For confirmation that speculation is an important input to oil pricing I cite the recent statements of officials in numerous countries, both producers and consumers including the Saudi Oil Minister Ali al-Naimi. They maintain that speculation has been an important input into oil pricing and they want to regulate markets to eliminate the ability of very large financial players to influence the price of oil.
The statement issued by the officials said that volatility in the market is harmful to both producers and consumers and that “financial markets have an impact on oil price formation,” according to Kyodo. It said officials, tackling the issue of supervision of over-the-counter markets and transparency, called for “further harmonized actions such as introduction of position limits.”
My conclusion, and the working hypothesis which I intend to use going forward as an investor unless better information changes my mind, is that the near term price of oil is a function of both fundamentals and speculative influences. That’s not a radical idea. It probably works for most markets, particularly stock markets. The trick is to figure out at any given time what the relative input of the fundamental and speculative elements are.
My guess is that when oil dipped below $40 the fundamentals were overwhelmingly driving the price. At $50, speculation that future years will bring much higher oil prices (which is also my own view) is having an important supporting role for the near month price. Were it not for such speculation, I do believe the spot price would be in the $35 - low-$40 range. That’s just my opinion. The more important judgement is whether that trend is likely to increase or diminish over the near future. The tendency is to think it will stay the same, which usually is not the case.

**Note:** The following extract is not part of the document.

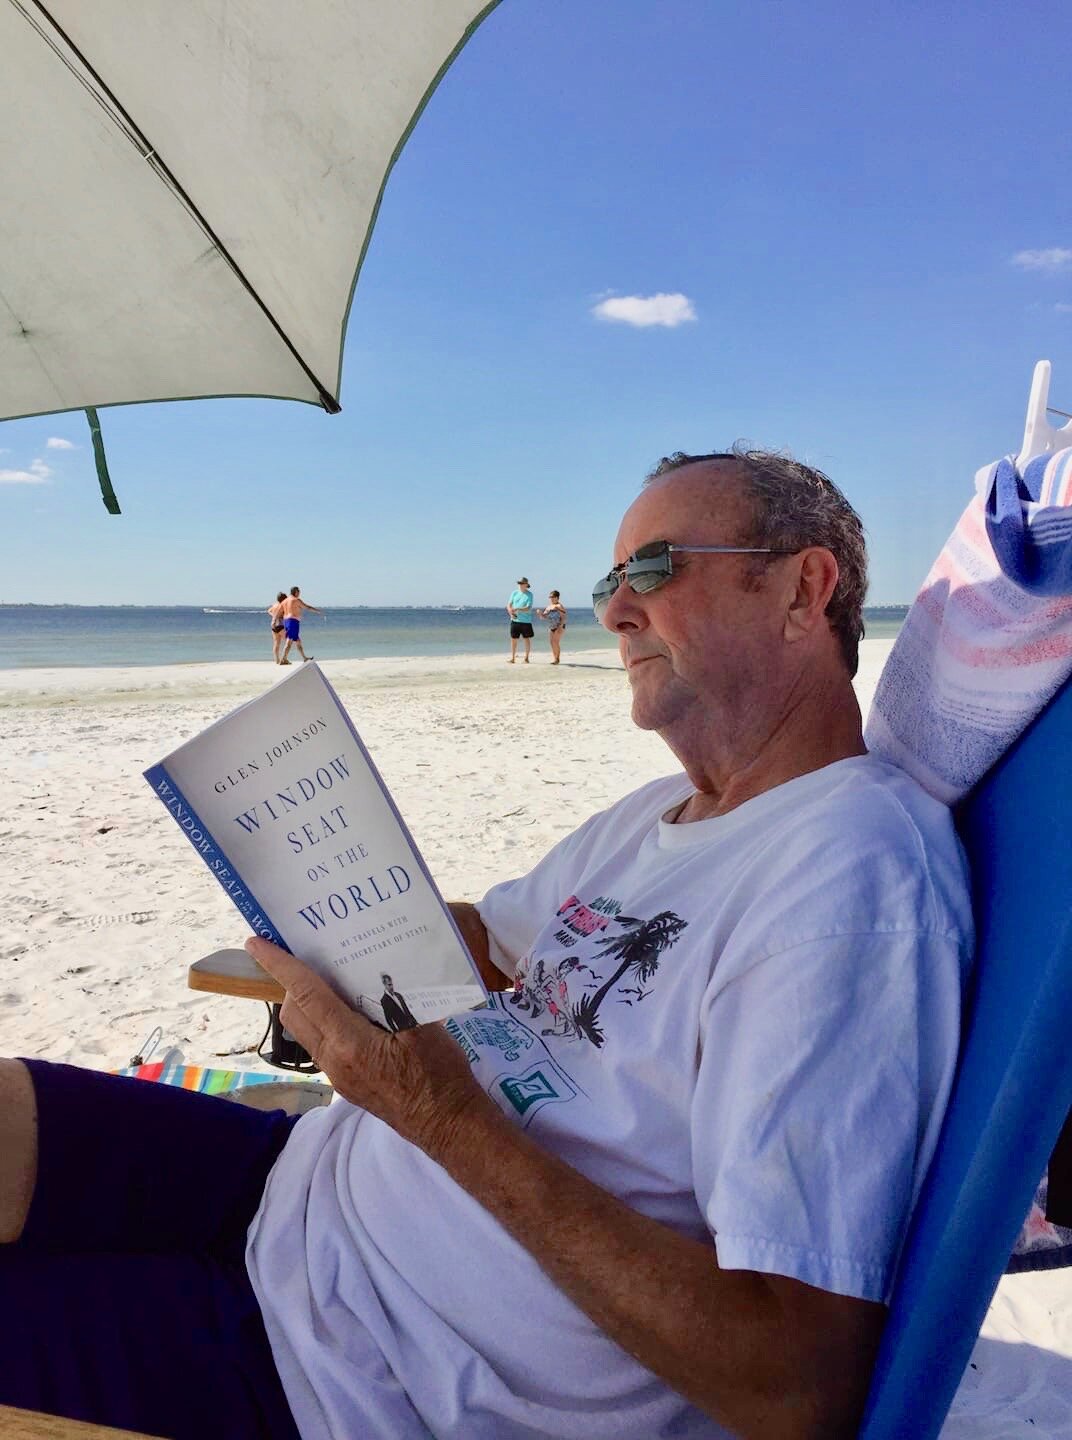  Former UMass Professor Frank Talty reads WSOTW on the beach in Fort Myers, Fla.

My sense is that if the economy actually begins to turn around, bullish speculation in oil will increase for two reasons. First, speculators will judge that fundamental demand for oil will increase. Secondly, the dollar is likely to come under pressure, which makes oil more valuable as an asset class. So, will the economy actually begin to improve any time soon? I think it’s a little too early to expect that, especially with Swine Flu hanging over everything. I think the downward momentum of the economy has some more to go. Hopefully only a few months, but possibly a lot longer.
My bottom line, therefore on oil? The price is probably not likely to move much very soon. Oil stocks, however, could still continue to do quite well as they have since last November if the general level of stocks continues to rise. That’s because a rising stock market is seen by investors as an early sign of an improving economy - which implies a higher oil price down the line for the two reasons mentioned above. The expectation of higher future oil prices can support continued appreciation for oil equities.
Eventually the economy will in fact turn around and begin to grow again, which will clearly support the oil price more strongly. So my sense is that even if oil equities underperform stocks as a class over the next 3 - 6 months, they are likely to do better than the average stock as the economic recovery begins to take shape. The MLP’s in particular, such as PWE, since they pay good dividends, are therefore especially attractive at this point.